DATA PROVIDED Start Marker
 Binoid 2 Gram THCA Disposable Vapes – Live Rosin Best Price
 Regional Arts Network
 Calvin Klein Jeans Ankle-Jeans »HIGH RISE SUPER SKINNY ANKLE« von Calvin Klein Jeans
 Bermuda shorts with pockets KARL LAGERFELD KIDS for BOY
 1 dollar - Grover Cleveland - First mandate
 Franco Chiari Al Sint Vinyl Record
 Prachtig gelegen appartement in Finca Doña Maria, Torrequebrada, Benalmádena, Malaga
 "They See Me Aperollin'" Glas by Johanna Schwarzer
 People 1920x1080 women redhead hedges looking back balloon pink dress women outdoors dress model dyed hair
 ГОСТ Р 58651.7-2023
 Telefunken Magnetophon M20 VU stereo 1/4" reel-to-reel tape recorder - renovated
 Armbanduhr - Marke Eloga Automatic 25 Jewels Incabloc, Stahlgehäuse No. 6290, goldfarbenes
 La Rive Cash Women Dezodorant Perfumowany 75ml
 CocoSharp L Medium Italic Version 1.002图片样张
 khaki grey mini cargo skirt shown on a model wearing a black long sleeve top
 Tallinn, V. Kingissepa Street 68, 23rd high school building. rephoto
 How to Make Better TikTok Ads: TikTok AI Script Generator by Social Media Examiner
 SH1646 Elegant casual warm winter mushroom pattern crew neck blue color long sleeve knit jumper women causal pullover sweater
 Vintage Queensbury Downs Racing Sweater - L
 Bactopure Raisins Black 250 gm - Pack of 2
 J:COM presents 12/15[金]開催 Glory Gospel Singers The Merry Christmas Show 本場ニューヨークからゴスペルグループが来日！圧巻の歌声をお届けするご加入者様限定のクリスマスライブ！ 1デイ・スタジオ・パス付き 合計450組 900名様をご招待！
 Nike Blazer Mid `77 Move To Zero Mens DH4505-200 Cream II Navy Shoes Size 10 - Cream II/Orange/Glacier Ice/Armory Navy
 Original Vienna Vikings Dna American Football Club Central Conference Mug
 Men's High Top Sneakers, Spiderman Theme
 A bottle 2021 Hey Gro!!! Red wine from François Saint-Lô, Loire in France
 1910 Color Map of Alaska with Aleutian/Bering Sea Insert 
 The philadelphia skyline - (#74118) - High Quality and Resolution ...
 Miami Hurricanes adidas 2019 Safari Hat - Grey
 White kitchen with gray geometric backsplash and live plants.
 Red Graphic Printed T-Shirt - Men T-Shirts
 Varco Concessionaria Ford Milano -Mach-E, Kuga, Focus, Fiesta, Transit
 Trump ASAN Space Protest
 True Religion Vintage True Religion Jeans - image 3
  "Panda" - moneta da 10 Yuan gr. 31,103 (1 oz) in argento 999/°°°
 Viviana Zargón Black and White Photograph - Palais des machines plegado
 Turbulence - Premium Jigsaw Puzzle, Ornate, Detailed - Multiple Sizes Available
DATA PROVIDED End Marker
** TASK **
Considering only the material above, set down every line from the one with "Armbanduhr - Marke" to the one with "khaki grey mini", inclusive, exactly as written.

** WRITTEN ANSWER **
 Armbanduhr - Marke Eloga Automatic 25 Jewels Incabloc, Stahlgehäuse No. 6290, goldfarbenes
 La Rive Cash Women Dezodorant Perfumowany 75ml
 CocoSharp L Medium Italic Version 1.002图片样张
 khaki grey mini cargo skirt shown on a model wearing a black long sleeve top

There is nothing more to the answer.